I have spoken to a number of Canadian doctors and psychiatrists, who gave me worrying examples of this happening. One doctor told me they had a male patient in his mid-70s with prostate cancer who had been diagnosed with mild dementia. He was admitted to hospital for worsening confusion. Medical investigations were undertaken to determine whether this was delirium on top of the dementia or worsening dementia. During the admission, and before the cause of the worsening condition had been determined, he stated that he wanted to be left alone and that he wanted to die, so the MAID team were called.
The MAID team deemed him eligible for the process, but then the palliative care team were also called. The doctor I spoke to was the patient’s consultant on this team. She interviewed the patient and he told her that he wanted hospice care and palliative treatment. She concluded that he could not differentiate between being sent to a hospice for palliative care and having a lethal injection to immediately end his life. But the MAID team still assumed that he had the mental capacity to go ahead with his first decision to have assisted dying. When they asked him subsequently whether he wanted medication to help him to die, he agreed to it. MAID was carried out shortly afterwards.

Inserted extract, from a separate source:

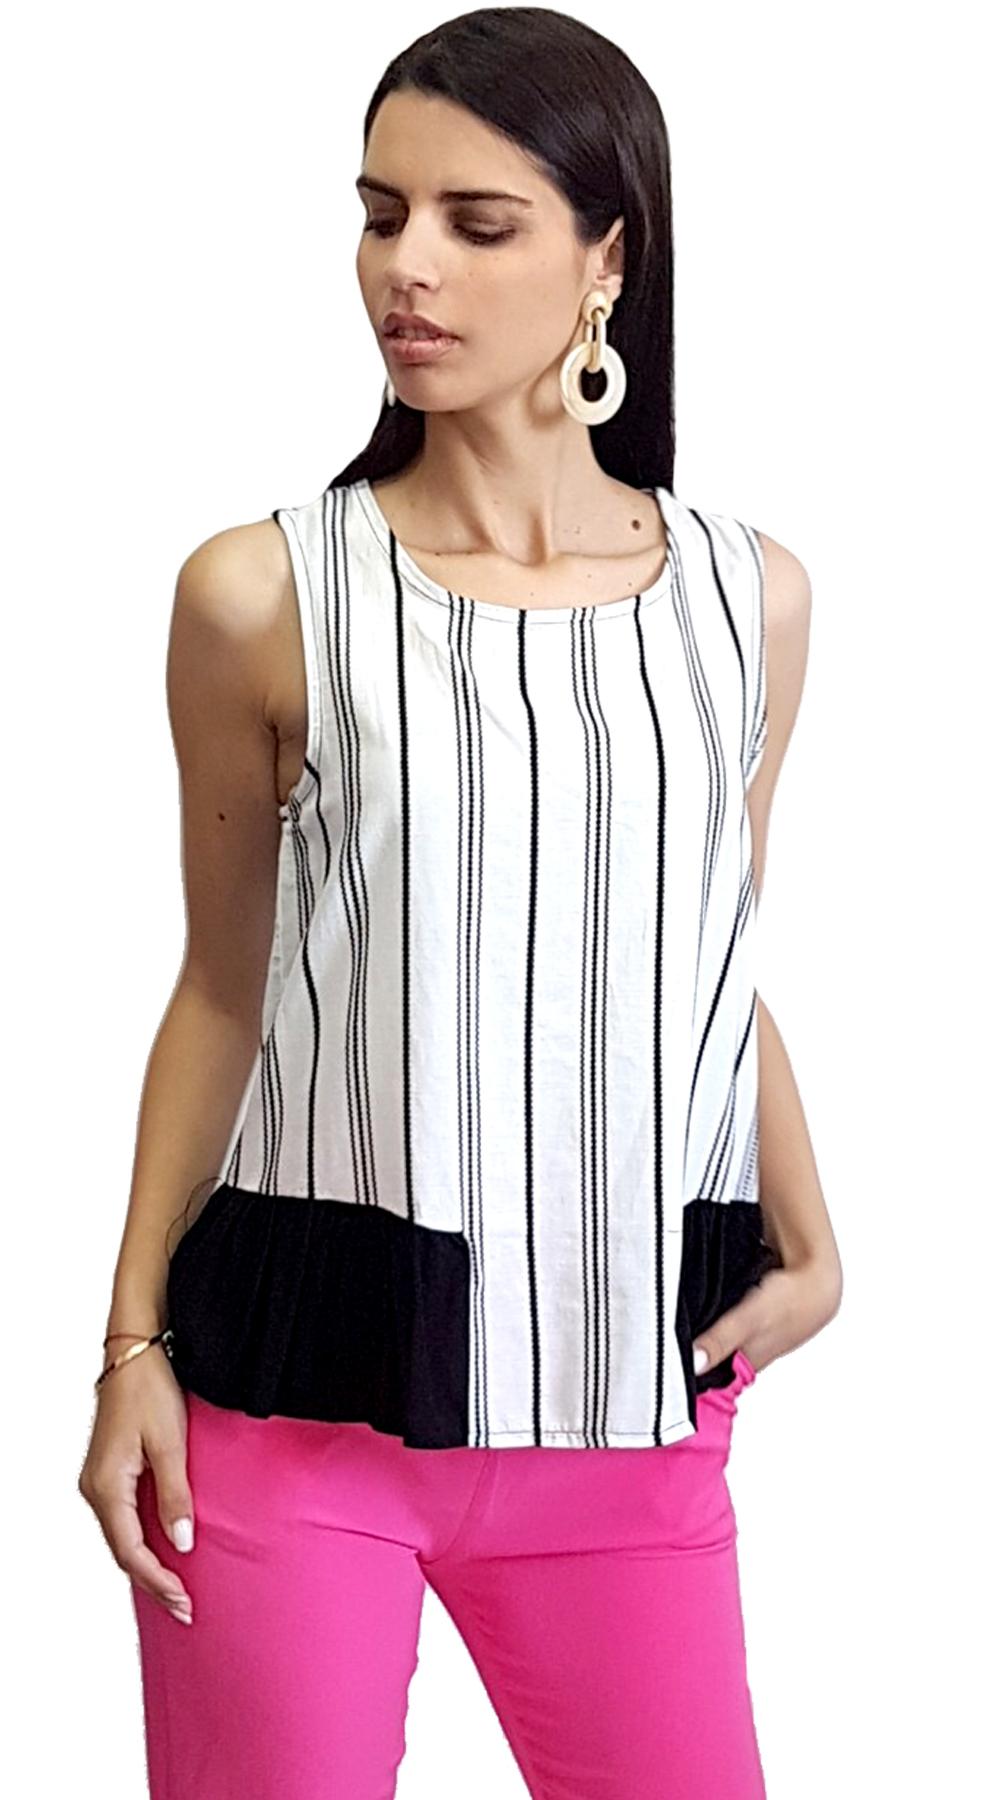 56bb8f123461 Γυναικεία T-shirts - Miss Reina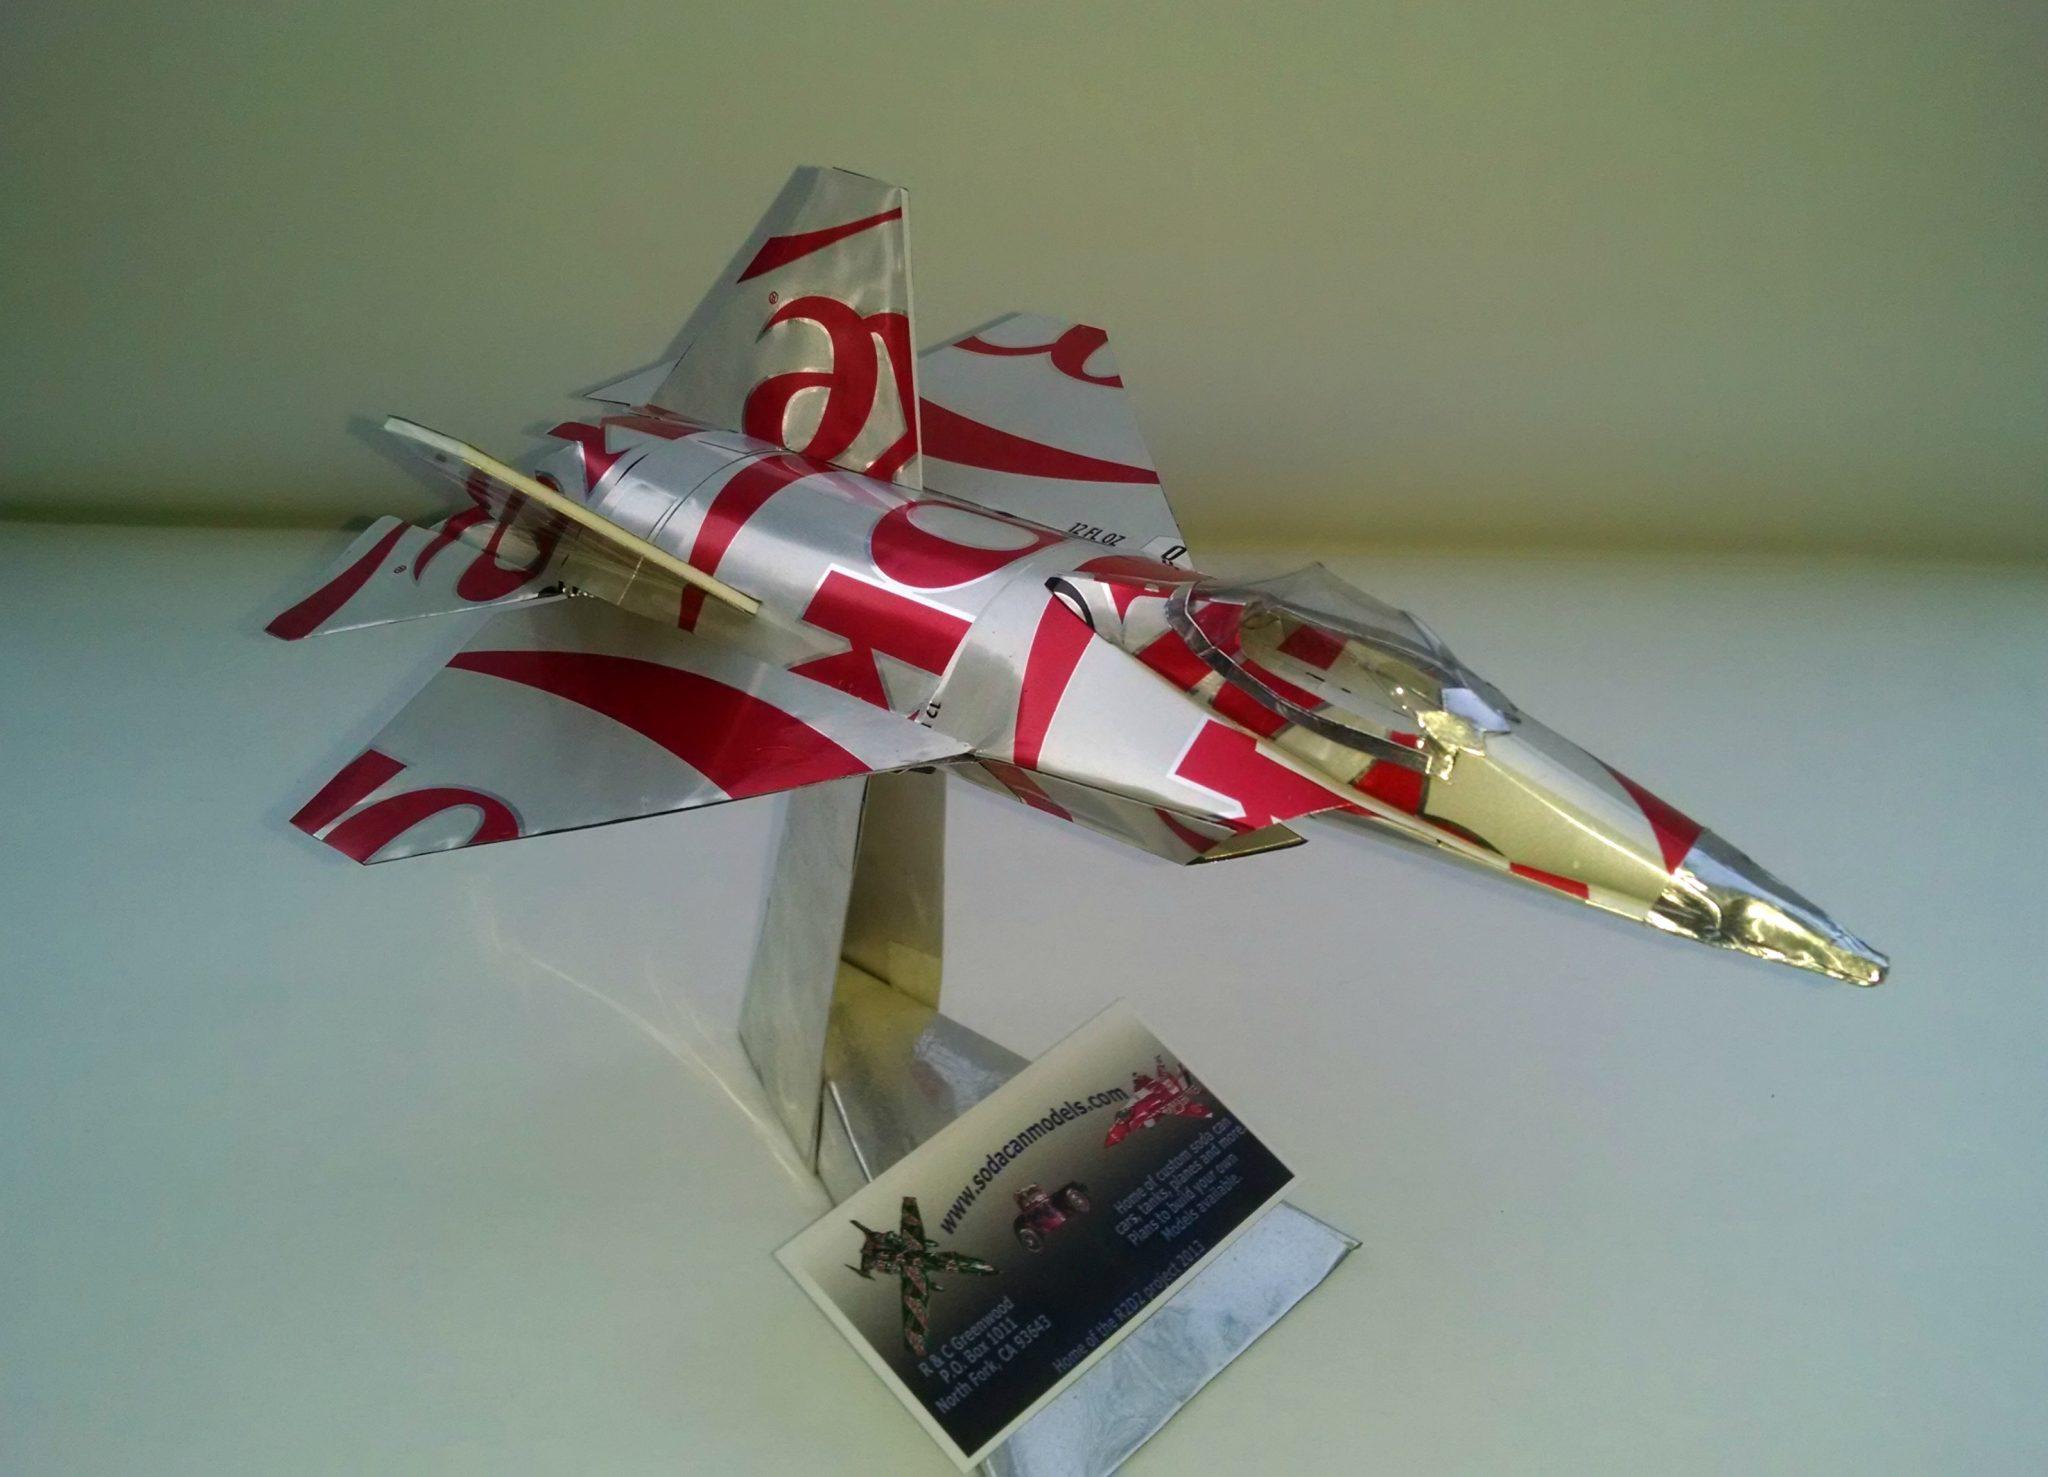 soda can F-22 raptor

I would like the Bill to ensure that there is no confusion about whether such terminally ill patients have the capacity needed for this huge decision. I suggest that Amendment 115’s proposed subsections (1) and (2), which would reverse the presumption of mental capacity, would prove a much better safeguard.
I also draw your Lordships’ attention to whether having a doctor raising the option of assisted dying to a terminally ill patient is regarded as treatment, a matter on which the Minister in the other place said the Government were silent. Proposed subsection (6)(g) of Amendment 115 states that
“the self-administration of such a substance is not a medical treatment for their terminal illness but a personal choice concerning life and death”.
I know that amendments to Clause 5, if accepted, would have the same effect, but I argue that it would be a belt and braces to have the concept that the doctor cannot, unprompted, raise the option of assisted dying in the mental capacity clause of the Bill. It is important that the request for assisted dying is initiated by the patient and is not seen as a treatment initiated by the medical team.
Once again, I turn to the experience in Canada, where doctors and healthcare professionals are duty-bound to raise assisted dying as an option for any patient admitted to hospital who suffers from a condition that makes them eligible for MAID. I spoke to the doctor of a Canadian patient who was found to be eligible for MAID and went into hospital. Each medical professional who visited him offered the option of MAID, alongside the option of drugs to alleviate his condition. This meant that on the day of going into hospital, he was offered MAID six times by six different medical professionals. Each medic was aware that if they did not offer the option, because MAID is classed as a medical treatment, they would be sued for negligence. I fear this will put unnecessary pressure on patients.
Obviously, the eligibility for MAID in Canada is very different from that proposed in the Bill, but Canada is still an important lesson for us. In this country, it is imperative that it is left up to the eligible patient to initiate the request for assisted dying. The amendment would ensure that doctors are not forced to initiate the request, which would avoid the patient feeling any pressure to end their own life. I hope that the amendment will be accepted. It would provide safety rails for patients eligible for assisted dying.